Open source Ray is a distributed computing framework for AI and high-performance computing. It lets you scale single-node Python code to thousand-node clusters with minimal changes, and its built-in modules — Ray Tune, Ray Train, and Ray Serve — integrate seamlessly with TensorFlow and PyTorch.

Running open source Ray in production, however, introduces challenges: distributed job optimization, fine-grained resource scheduling, complex cluster operations, and ensuring system stability at scale.

AnalyticDB Ray addresses these challenges with the following enhancements:

EnhancementDescription
Kernel performance optimizationImproved scheduling and execution efficiency for large-scale distributed workloads.
Simplified cluster operationsManaged head node and worker node lifecycle, so you focus on jobs rather than infrastructure.
Disaster recoveryA Redis-based mechanism that automatically recovers Ray clusters, actors, and tasks when the head node restarts.
Automatic scalingDynamic worker node scaling based on logical resource requirements, with multi-worker-group support to prevent overloading or underutilizing individual groups.
Data lakehouse integrationNative integration with AnalyticDB for MySQL, enabling integrated Data + AI architectures.

Billing

When you create a Ray cluster resource group, you are charged for the following:

  • Storage consumed by the Worker Disk Storage setting.

  • If Worker Resource Type is set to CPU: AnalyticDB Compute Unit (ACU) elastic resources actually used.

  • If Worker Resource Type is set to GPU: the GPU specifications and quantity provisioned.

Usage notes

Worker node changes

Modify worker configurations during off-peak hours to minimize impact. Deleting or restarting worker nodes has these effects:

  • Drivers, actors, and tasks running on the affected nodes fail. Ray automatically redeploys actors and tasks.
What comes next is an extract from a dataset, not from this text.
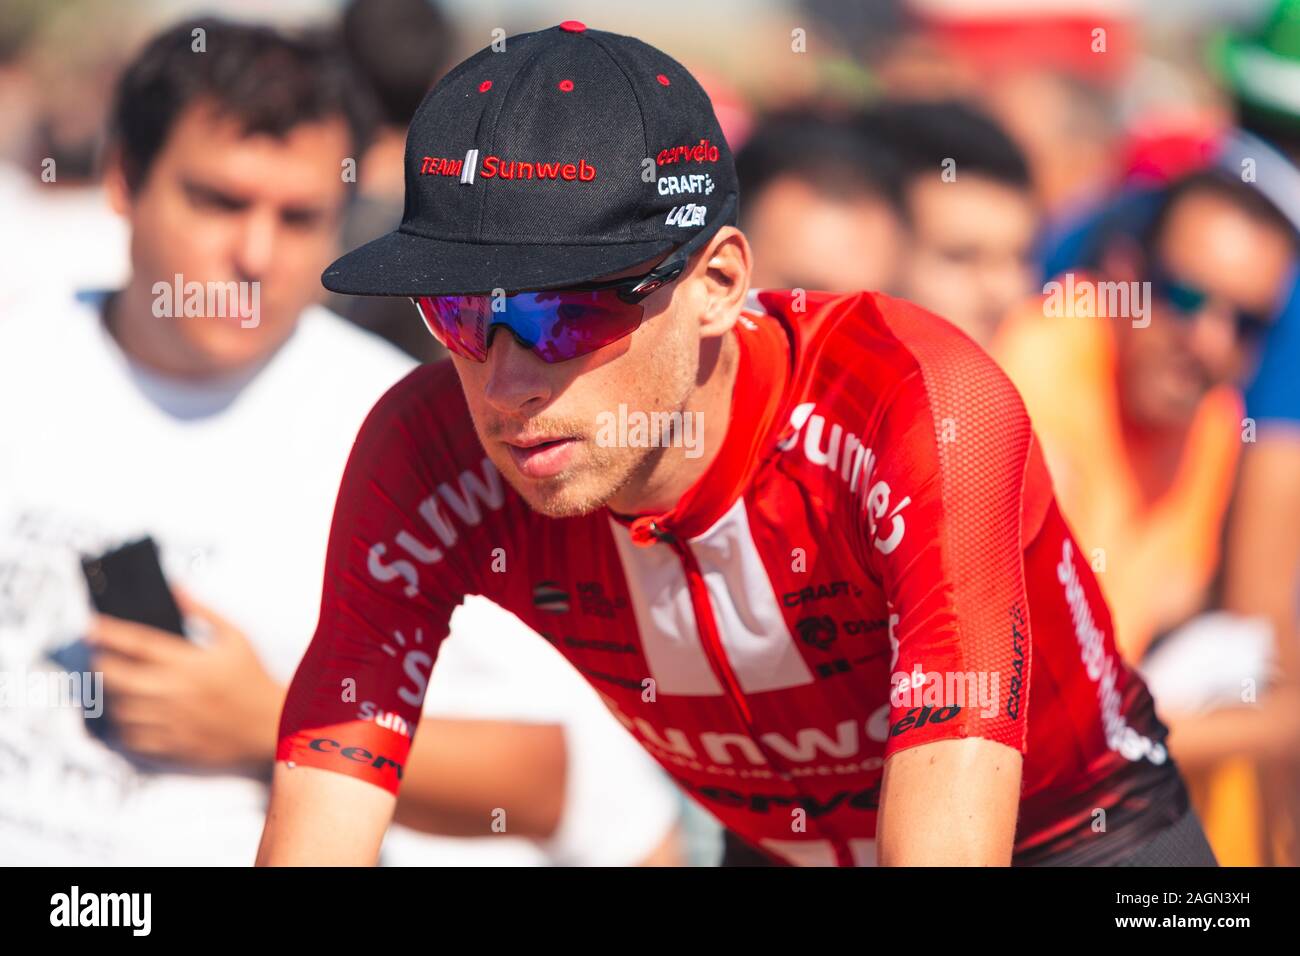 San Vicente de la Barquera, Spain-September 7, 2019: Martijn TUSVELD, ciclista del team La Ragnatela Solare durante la fase 14 di la Vuelta a España. Foto Stock
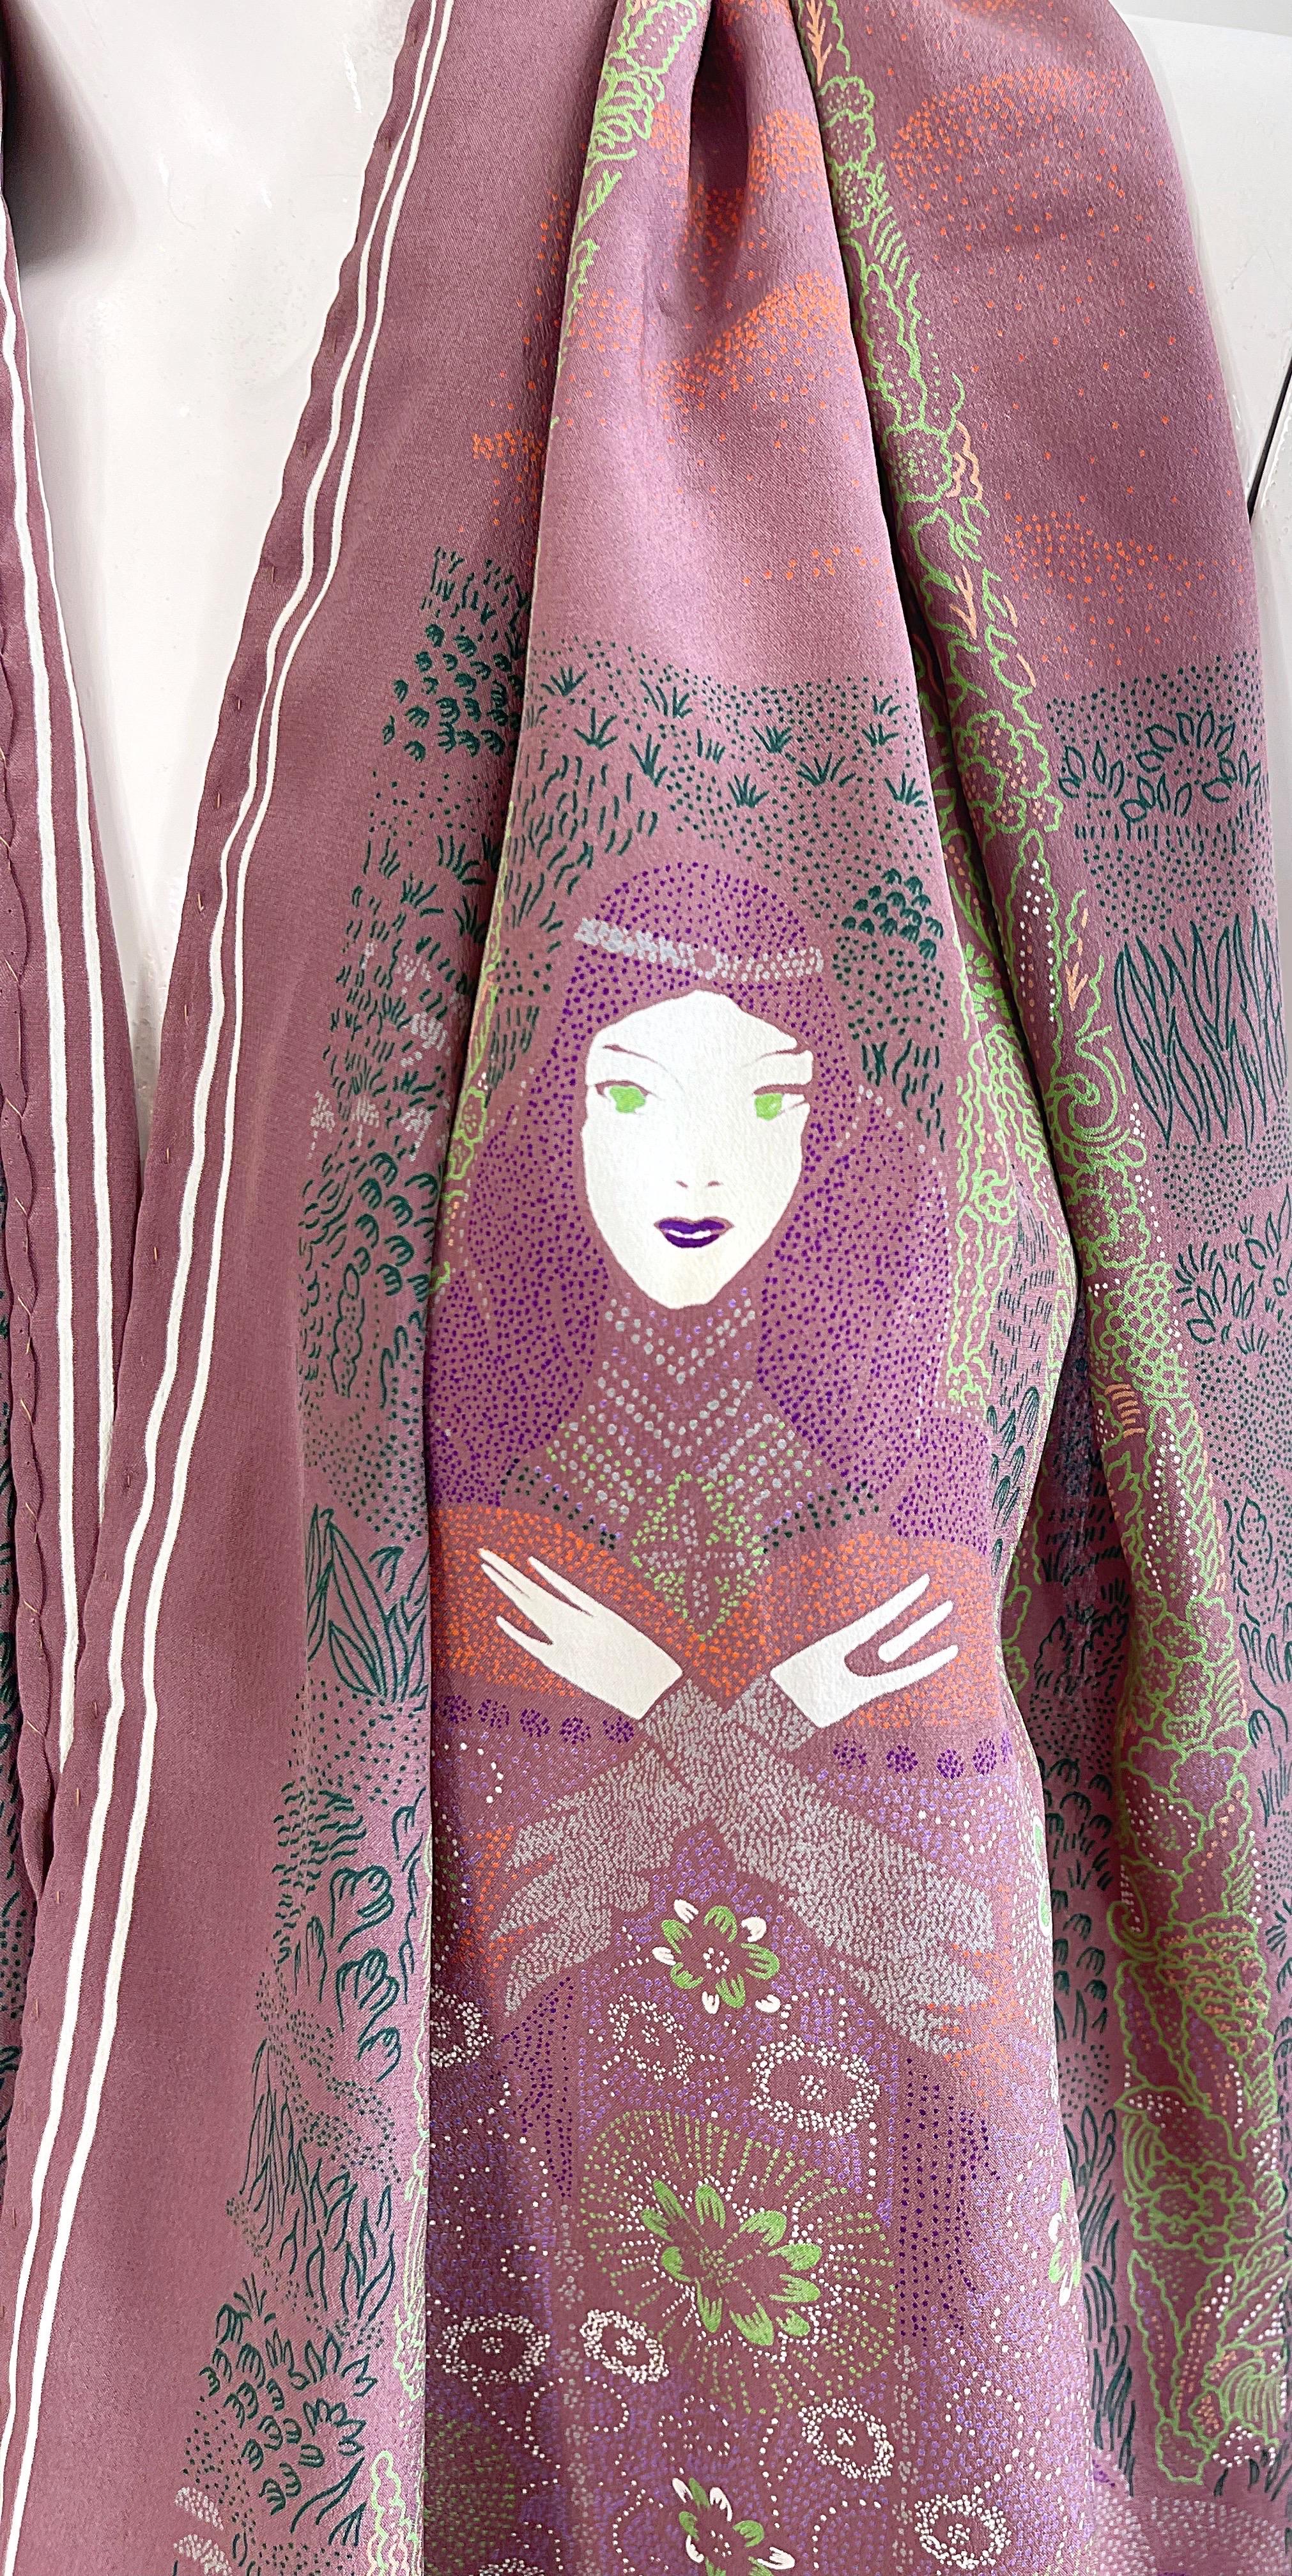 Superbe foulard en soie de Bottega Veneta datant de l'automne 1981. Inspiré par Klimt avec deux femmes de chaque côté de l'écharpe. De belles couleurs de mauve, de vert, de violet, de rose, d'orange et de blanc. Bottega Veneta imprimé en blanc sur

  • Data in Ray's distributed object storage is lost. Tasks that depend on data from the restarted node also fail.

Resource group changes

OperationImpact
Delete a resource groupRunning tasks in the resource group are interrupted.
Delete a worker groupThe worker group's nodes are deleted. See the impact of worker node deletion above.
Set Maximum Workers after the change to a value less than Minimum Workers before the changeWorker nodes are deleted. See the impact of worker node deletion above.
Change any parameter other than Minimum Workers or Maximum Workers (for example, head resource specifications or worker resource types)Head node or worker nodes restart. See the impact of worker node restart above.

Automatic scaling

Ray clusters scale based on logical resource requirements, not physical resource utilization. Scaling may trigger even when physical utilization is low.

Some third-party applications create as many tasks as possible to maximize resource usage. When automatic scaling is enabled, this can cause Ray clusters to scale up rapidly to the maximum size. Understand the task-creation logic of any third-party program before enabling automatic scaling to avoid unexpected resource consumption.

Create a Ray cluster resource group

  1. Log on to the AnalyticDB for MySQL console. In the upper-left corner of the console, select a region. In the left-side navigation pane, click Clusters. Find and click your cluster ID.

  2. In the left-side navigation pane, choose Cluster Management > Resource Management. Click the Resource Groups tab. In the upper-right corner, click Create Resource Group.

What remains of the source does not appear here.